По возвращении в Лондон, благодаря любезности и доброй воле друзей и знакомых, которых опечалило мое возвращение в таком состоянии, я проконсультировался у многих известных врачей, считавших, что вылечат меня от глухоты. Я посещал нескольких из них, считавшихся медицинскими светилами в этом знаменитом городе. По их рецептам меня каждый день в течение четырех-пяти месяцев мучили аптекари дозами отвратительных лекарств. Врачи истязали меня кровопусканиями и дренажами. Я потратил на них 100 гиней без пользы хотя бы на фартинг. Наконец я счел более благоразумным, что лучше мириться, насколько можно, со своей глухотой, чем мучиться и нести расходы на бесполезное лечение. В связи с этим я распрощался с докторами и, поскольку был признан негодным для службы из-за глухоты, завершил дела в Лондоне. Оставил город и уехал в Уэльс, к родственникам в родной город Брекнок. Там я проживал остаток своей жизни с присутствием духа, на которое был способен в тяжелом недуге».
Глава 4
ОТБЫТИЕ ИЗ ЛОНДОНА «АЛЬБИОН-ФРЕГАТА» С НЕВОЛЬНИЧЬЕЙ МИССИЕЙ
Этот рассказ о поездке к реке Новый Калабар, или Рио-Реал, на гвинейском побережье позаимствован из журнала, который вел мистер Джеймс Барбот, суперкарго и совладелец с другим предпринимателем из Лондона «Альбион-фрегата» водоизмещением 300 тонн, с 24 орудиями. Он владел 10 процентами стоимости корабля[13].
«Мы отправились из Даунса 13 января 1699 года и прибыли к острову Мадейра 3 февраля, откуда продолжили переход сразу же после того, как взяли на борт вино и продовольствие. 10 февраля мы смонтировали на палубе шлюп, и в тот же день, ночью, корабль мощно потряс кит. Он поднялся с глубины прямо под нашим килем, почти посередине, после чего с большим шумом снова погрузился в океан. Рулевой признался, что больше минуты не мог сдвинуться с места.
В точке 12 градусов 5 минут северной широты мы заметили два паруса. Позднее переговорили с одним из них, который оказался лондонцем, командиром одной флотилии, который поднялся к нам на борт и сообщил, что находится в трех днях пути от реки Гамбии, держа курс на гвинейский Золотой Берег. В этот полдень нас окружили большие стаи морских свиней. Одну мы зацепили крюком.

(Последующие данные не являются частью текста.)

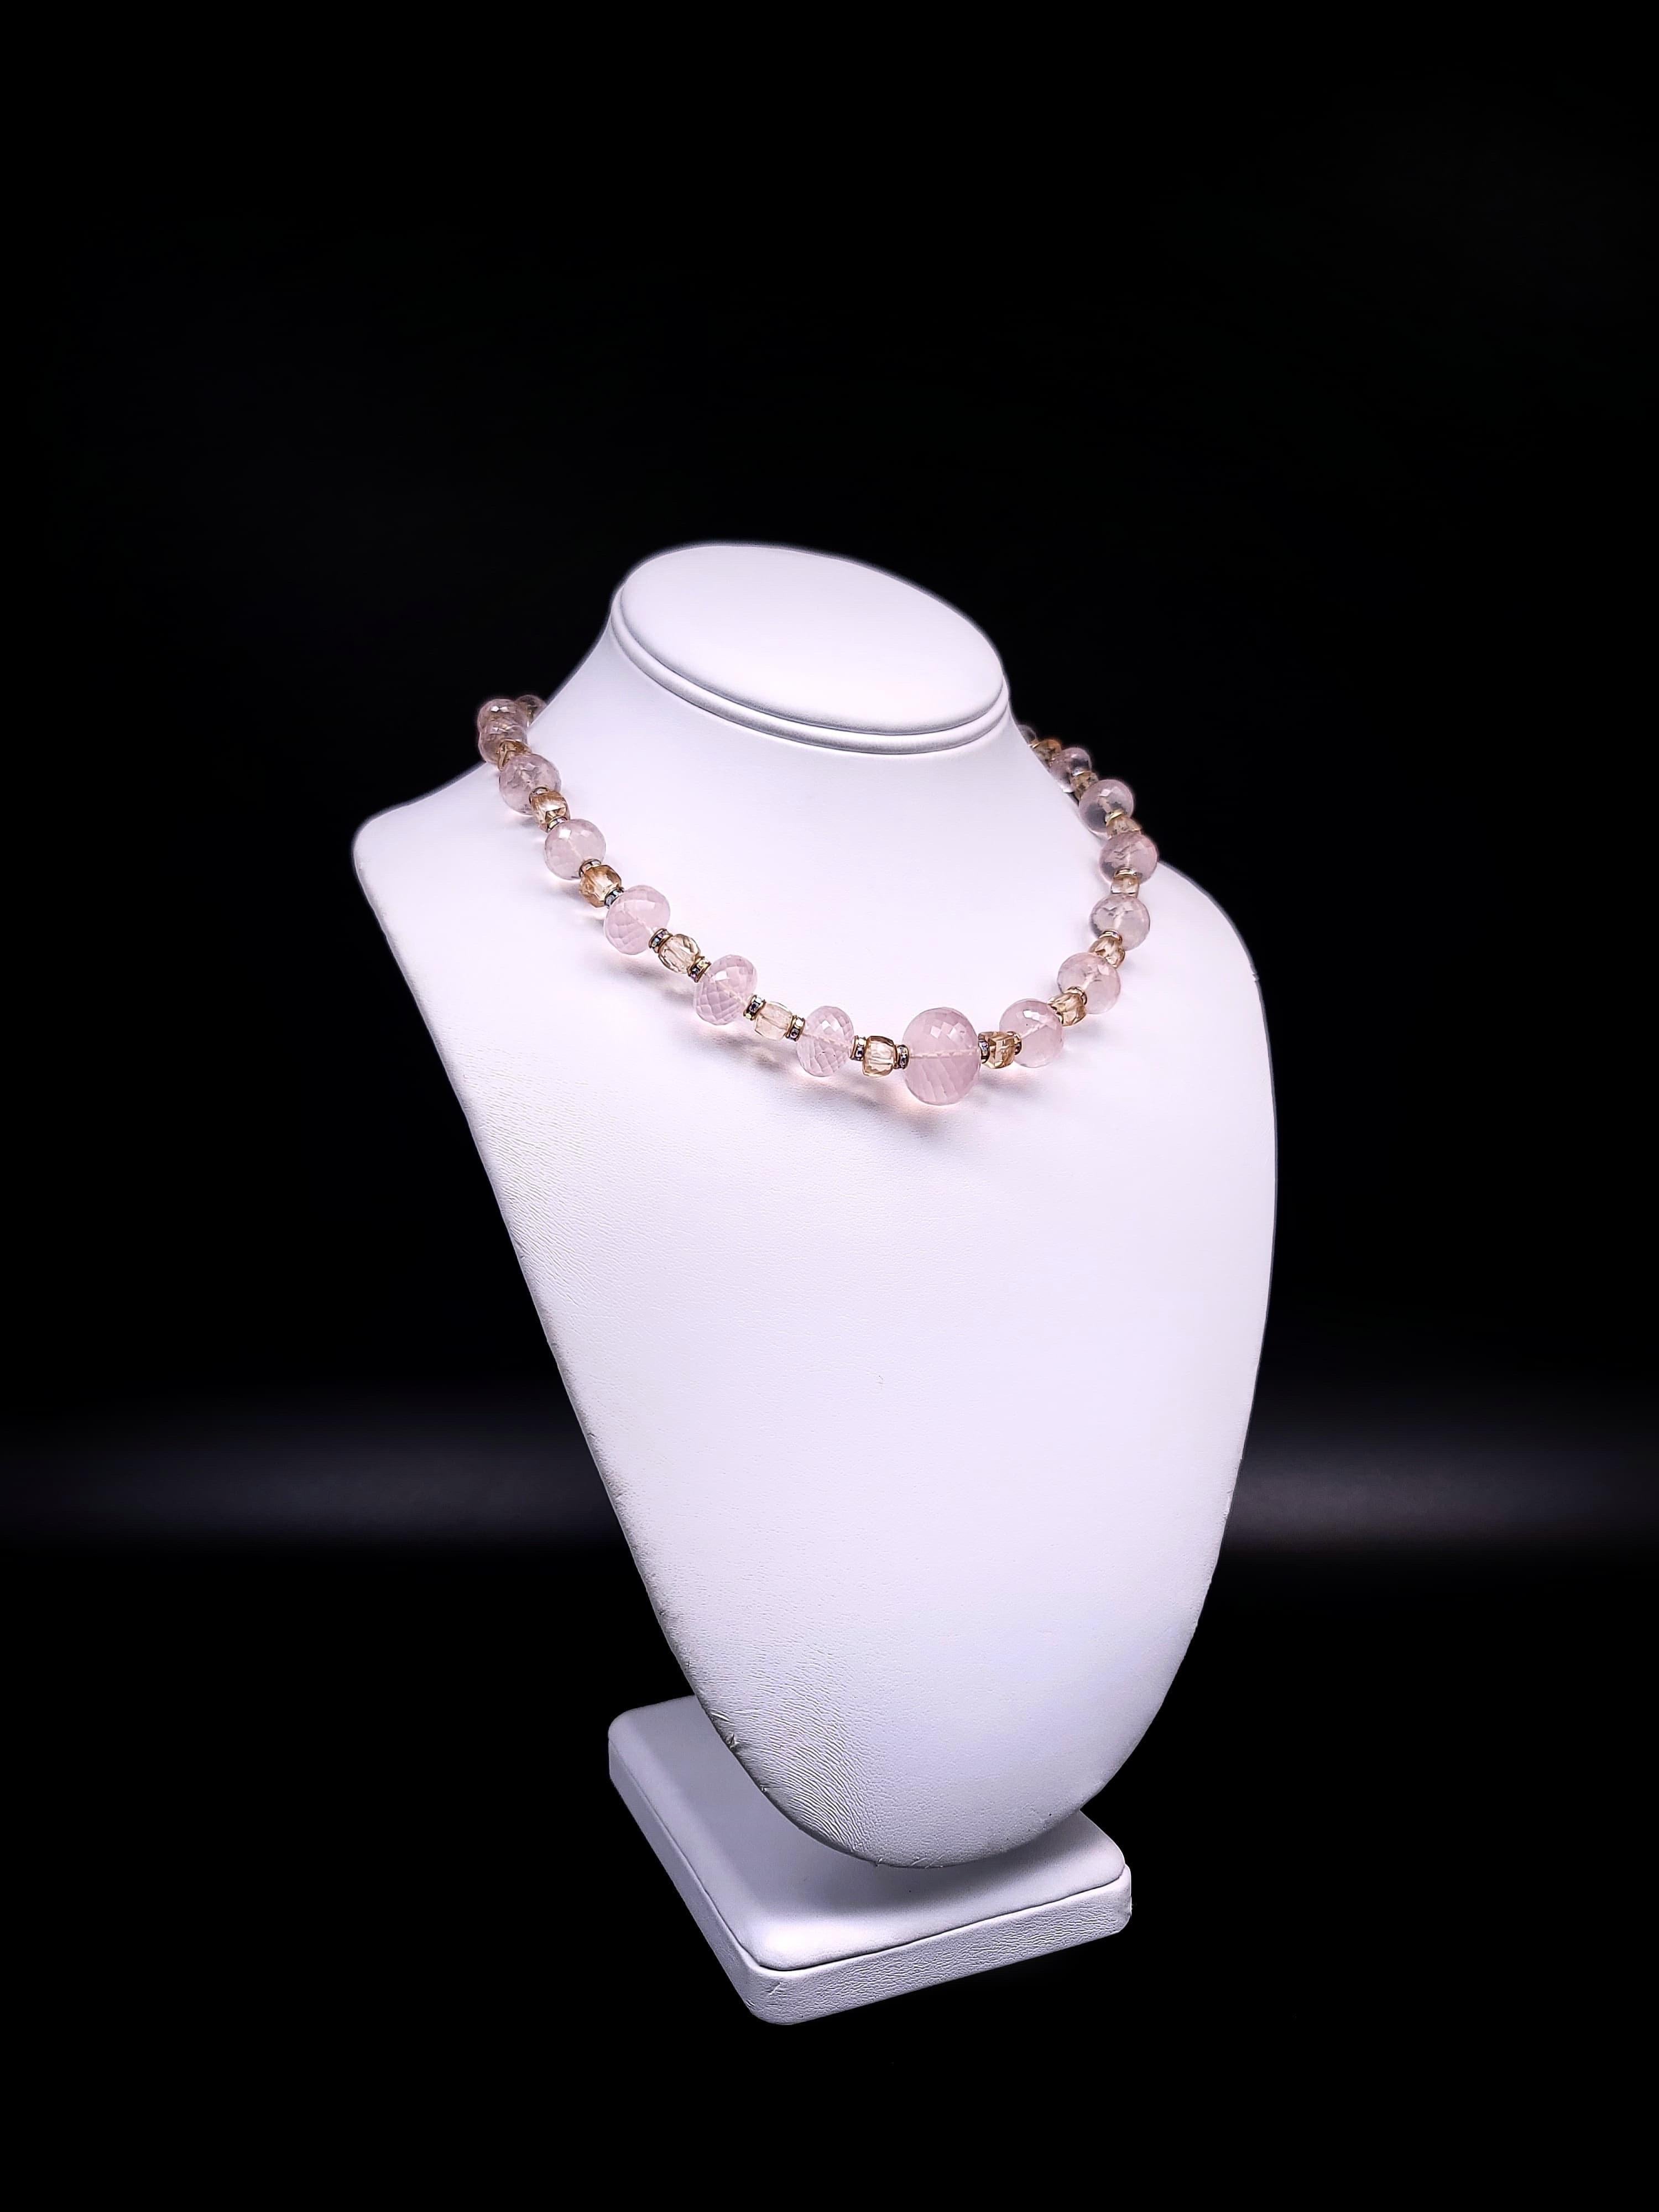 Step into a world of enchantment with this truly unique creation, a masterpiece as singular as your own dreams. Delicately crafted, it whispers of romance akin to a midsummer night's reverie. Each bead, a testament to elegance, showcases the gentle

25 февраля бросили якорь у реки Сестро, где оставались почти месяц, запасаясь дровами, водой, рисом, душистым перцем, птицей и другой провизией. Царь Петр был еще жив и здоров. Мы ограничились покупкой нескольких слоновьих зубов из-за дороговизны. 7 апреля прибыли к Аксиму, первому голландскому форту на Золотом Берегу, а на следующий день стали на якорь перед прусским фортом Великий Фридериксбург. Там нас любезно принял прусский генерал, но предупредил, что не располагает возможностью приобрести какой-нибудь из наших товаров. Повсюду на этом побережье торговля замерла по причине большого количества контрабандистов, наличия других торговых кораблей, а также из-за военных конфликтов между туземцами. Этот форт был прекрасной крепостью, оснащенной около сорока орудий. Генерал рассказал мне, что шесть недель назад, по возвращении из Кейп-Лопеса в Трес-Понтас, он подвергся нападению пирата, который отпустил его, встретив очень теплый прием. Он сказал, что вокруг этого мыса курсируют еще два-три пирата.
Ознакомительная версия.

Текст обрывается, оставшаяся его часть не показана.